Os compadres e as comadres deste sereno povo, condenado aos bons costumes da subsídio-dependência, porque o Estado de Bem-Estar se converteu num Estado de Mal-Estar, por causa da despolitização e da desgovernação, começam a não perceber esta bisca viciadamente lambida das candidaturas presidenciais. Se, à direita, há os que, depois da derrota, aspiram à vitória final do respectivo epitáfio, não faltam os que, à esquerda e à direita, assistem ao começo do jogo, julgando que o vão vencer apenas porque sucederá a desistência, ou a falta de comparência, dos que se perfilam como potenciais vencedores das primárias em curso.
Uma coisa parece segura: ainda bem que não emergem, por enquanto, dois ou três fortes e credíveis candidatos, porque se eles começassem a falar e a ser ouvidos pelo povo, correriam sérios riscos de passarem a ter mais autoridade do que o actual inquilino de Belém, o homem certo, mas no tempo errado, submerso por circunstâncias a que, naturalmente, foi alheio, mas que o tornaram impotente para dirigir a presente RGA.
Há quem tenha a esperança dos desesperados, quem, por entre a bruma empenumbrada do quotidiano, se alimente de utopia, ou continue a ser aquecido pelo lume do messiânico. Por outras palavras, se compreendo alguns dos que se entusiasmam com o discurso de Francisco Louçã, também entendo os que confiam no regresso do velho tio da nossa democracia, Aníbal Cavaco Silva. Se uns representam a versão revista e actualizada da tradução dos “amanhãs que cantam”, em forma de “bacalhau a pataco”, já outros pensam que pode voltar o oportunismo da Europa do betão e dos fundos estruturais.
Acontece que, entre a extrema-esquerda “aggionata” e a procura de um gestor honesto, dedicado e competente, continua a ser obsidiante o ausente-presente que representa o ponto de equilíbrio de todo o nosso sistema, o avozinho da nossa democracia, chamado Mário Soares que, esquecido do “socialismo na gaveta”, está cada vez mais velho e cada vez mais verbosamente à esquerda, em nome da bandeira da “humanidade contra o neo-liberalismo”, que já nem um Lula da Silva desfralda.
Assim, a procura de um candidato comum para as forças de esquerda constitui um jogo desesperante. Tonecas Guterres, beneficiando com a sábia gestão do silêncio doméstico a que se tem dedicado, poderia ser a tal solução menos péssima. Tonecas Vitorino, regressado das alturas supra-nacionais, poderia ser o factor inesperado, nessa nova versão da “Europa connosco” capaz de competir em dinamismo e prestígio com Aníbal Cavaco Silva.

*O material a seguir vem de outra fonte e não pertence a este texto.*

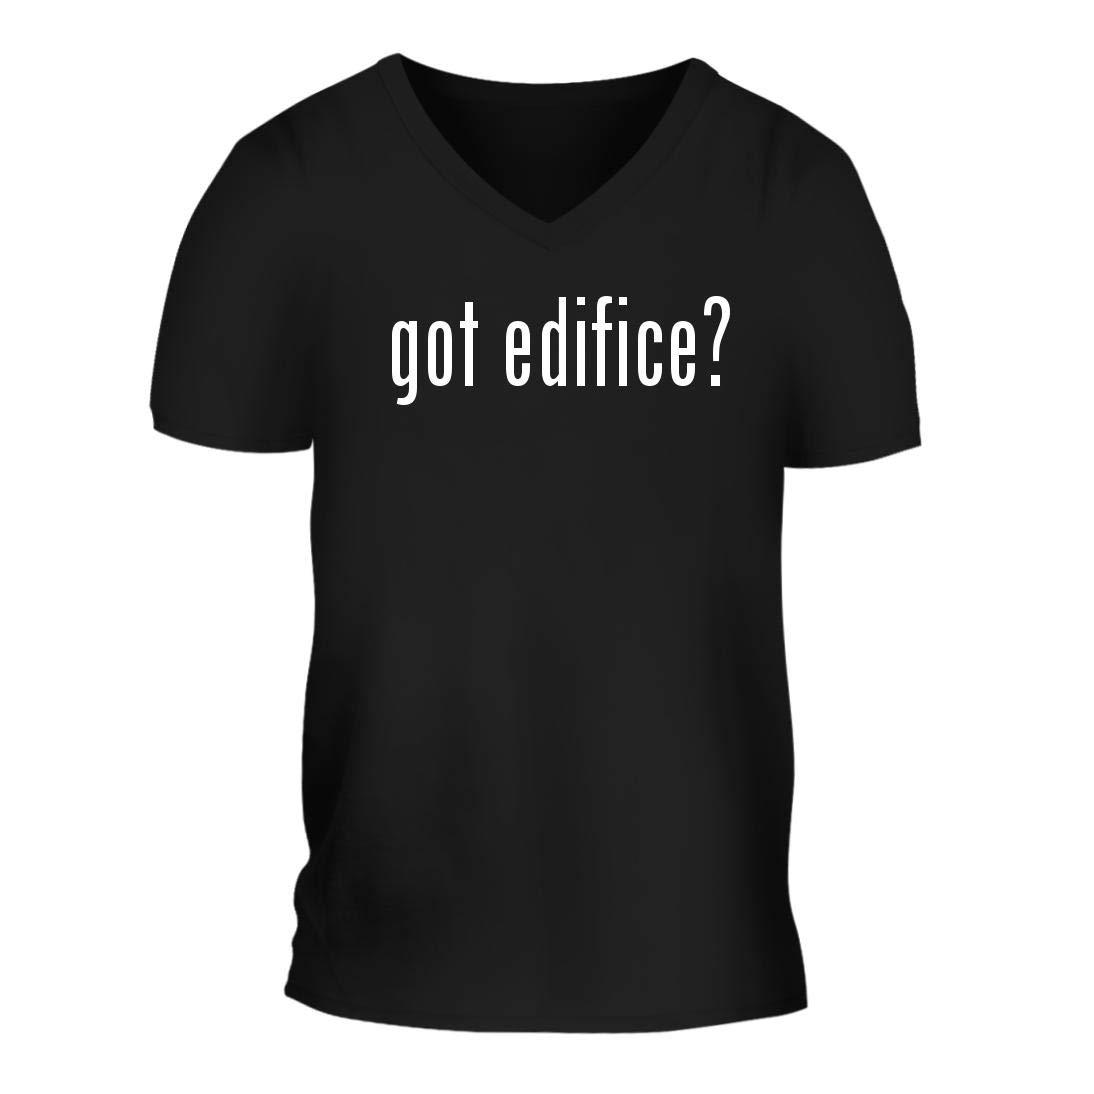 got Edifice? - A Nice Men's Short Sleeve V-Neck T-Shirt Shirt, Black, Large

Até Diogo Freitas do Amaral que, finalmente, conseguiu colocar-se no rigorosamente ao centro, continua à espera que os treinadores de bancada o chamem para mostrar como um defesa-direito pode passar a ponta de lança, a partir do lado esquerdo do meio-campo, garantindo-nos sucessivos empates.
Bem gostaria que, neste contexto emergisse uma qualquer mais valia que não dependesse da partidocracia, alguém que, em nome da necessária regeneração, assumisse a mátria em figura humana. Se continuarmos apenas a contabilizar candidatos politicamente correctos, entendidos como simples bissectriz do actual paralelograma de forças do sistema, estaremos condenados a viver a política como mero modelo de pilotagem automática.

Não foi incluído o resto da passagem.